Three liquids have same surface tension and densities \(\varrho_{1}, Q_{2}\), and \(\varrho_{3}\left(\varrho_{1}>\varrho_{2}>\varrho_{3}\right)\).
In three identical capillaries, rise of liquid is same. The corresponding angles of contact \(\theta_{1}, \theta_{2}\) and \(\theta_{3}\) are related as

Rise of a liquid in a capillary tube is given by,
\(\mathrm{h}=\frac{2 \mathrm{T} \cos \theta}{\mathrm{r} \rho \mathrm{g}}\)

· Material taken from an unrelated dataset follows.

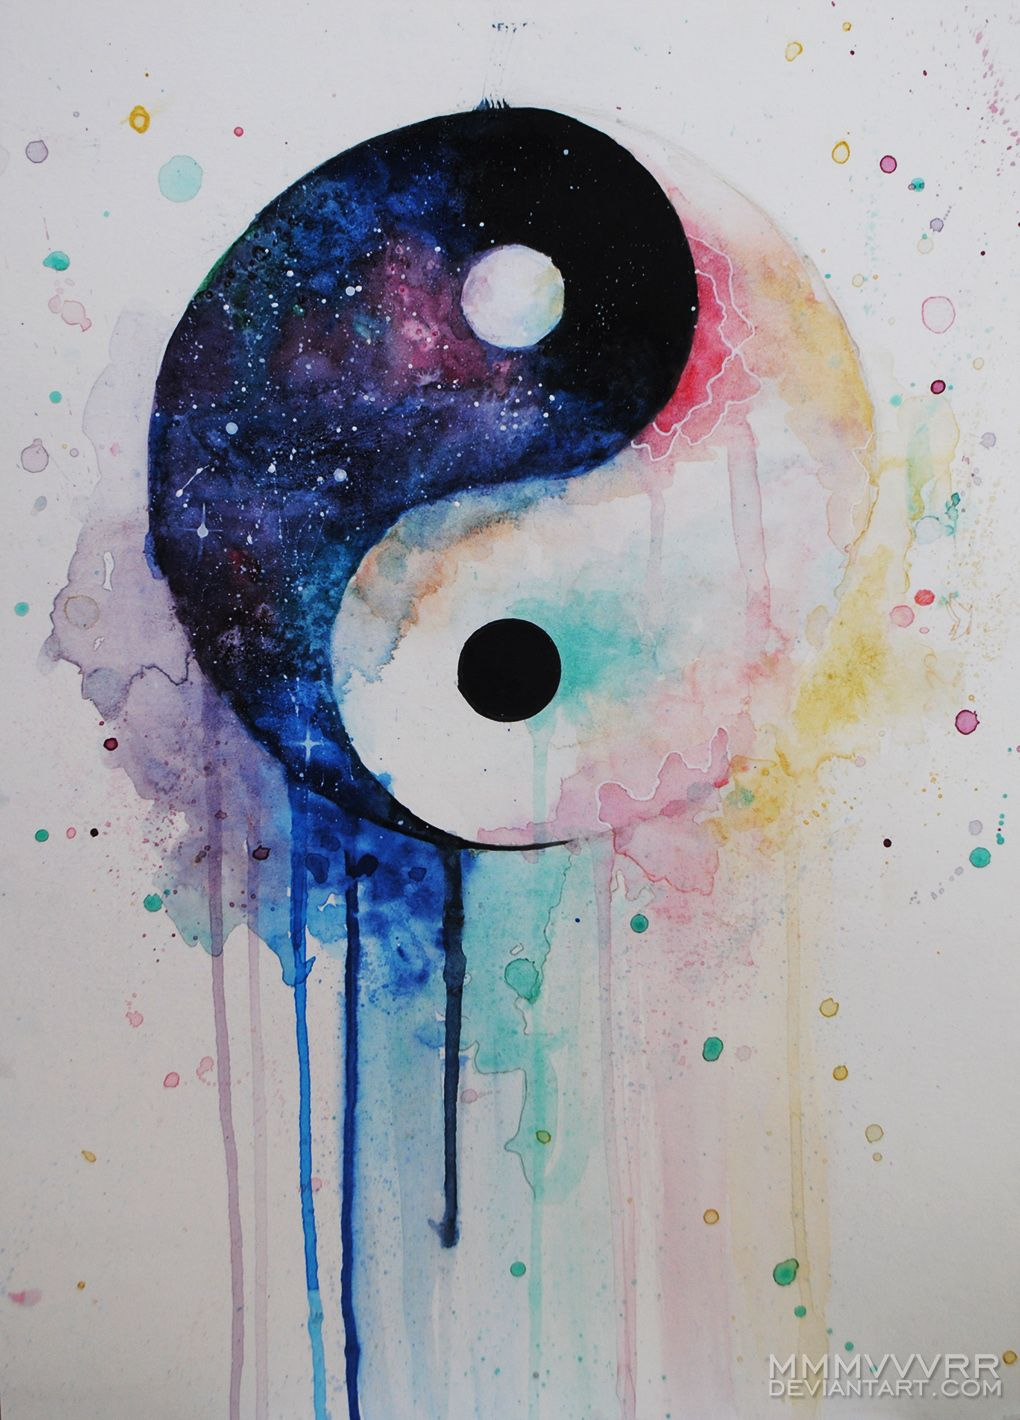 Iphone wallpaper tumblr yin yang - Resultado De Imagen Para Yin Yang Acuarela

or \(\cos \theta=h r \rho g / 2 T\)
where \(\theta=\) angle of contact,
\(\mathrm{r}=\) radius of capillary tube
\(\mathrm{T}=\) surface tension
\(\rho=\) density of liquid
now given that \(h\), \(T\) and \(r\) are constants for all three liquids,
and \(\rho_{1}>\rho_{2}>\rho_{3}\),
therefore \(\cos \theta_{1}>\cos \theta_{2}>\cos \theta_{3}\)
or \(\theta_{1} < \theta_{2} < \theta_{3}\)
now as the liquid is rising in all three capillaries therefore angles of contact will be acute,
\(0 \leq \theta_{1} < \theta_{2} < \theta_{3} < \frac{\pi}{2}\)